See also CL10440 10452

ZD: 8198

==== CL 10461 ====
@CHANGE: modified/compacted the multi-line "found a duty to replace" logging to be a single line.

==== CL 10452 ====
@FIX: yet another fix for out-of-order dispatch behavior-- eliminate race-condition that would allow lower priority jobs that were just preempted to get workers before higher-priority jobs.
See also CL10440

ZD: 8198

==== CL 10441 ====
@FIX: killing an already finished (complete, failed, killed) job leaves the job in the "dying" state.

==== CL 10440 ====
@FIX: another fix for out-of-order dispatch behavior-- eliminate race-condition that would allow lower priority jobs that were just preempted to get workers before higher-priority jobs.

ZD: 8198

==== CL 10429 ====
@FIX: out-of-order job dispatching issue with jobs using the "+" sign with the "host.processors" reservations.

ZD: 8198 8261 8229 8233 8228

==== CL 10189 ====
@FIX: timing issue where some worker resources (host.xyz) would disappear after the worker received a remote config.

@FIX: issue where supervisor tries to dispatch a subjob to a worker with
insufficient resources (reduced the likeliness of that from happening)
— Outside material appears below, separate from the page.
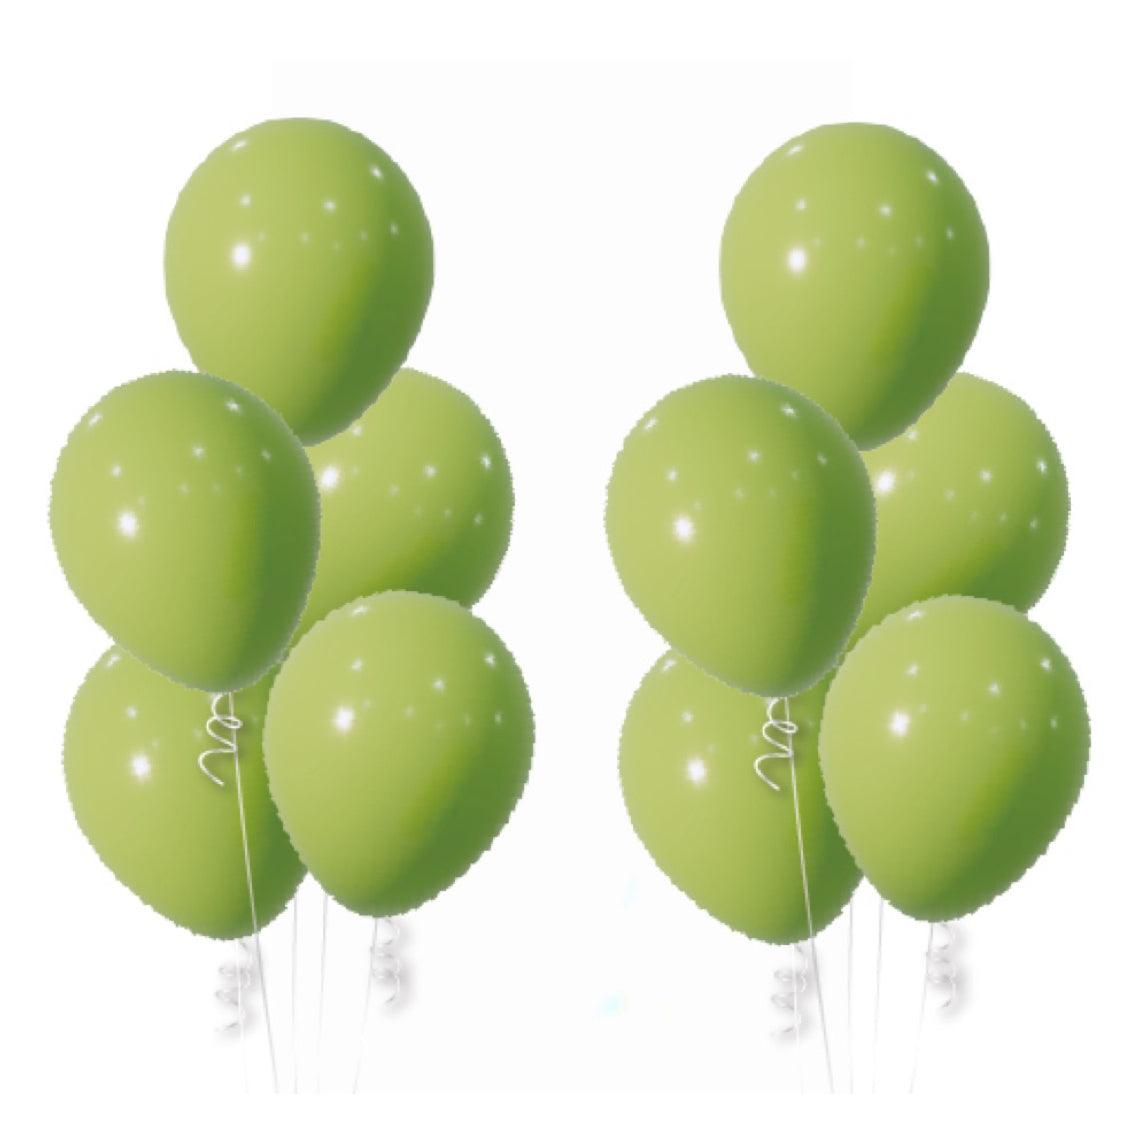 Lime green lemonade helium balloon 2 bouquets of 5 - ONE UP BALLOONS

@FIX: the above 2 fixes combined should now prevent some of the
out-of-priority-order dispatch issues, especially in environments where
worker resources are deployed.

ZD: 7885

==== CL 10118 ====
@FIX: fixed issue where agenda timeouts don't work properly on the first agenda item processed by a subjob, on Unix (Linux/OSX) workers

==== CL 10117 ====
@FIX: fixed issue where agenda items that fail because of timeout don't get automatically retried via retrywork
ZD: 7763

==== CL 10022 ====
@FIX: modified the worker to only report to the supe of its host status when subjobs are completely done and removed, and NOT when they are only marked/scheduled for removal.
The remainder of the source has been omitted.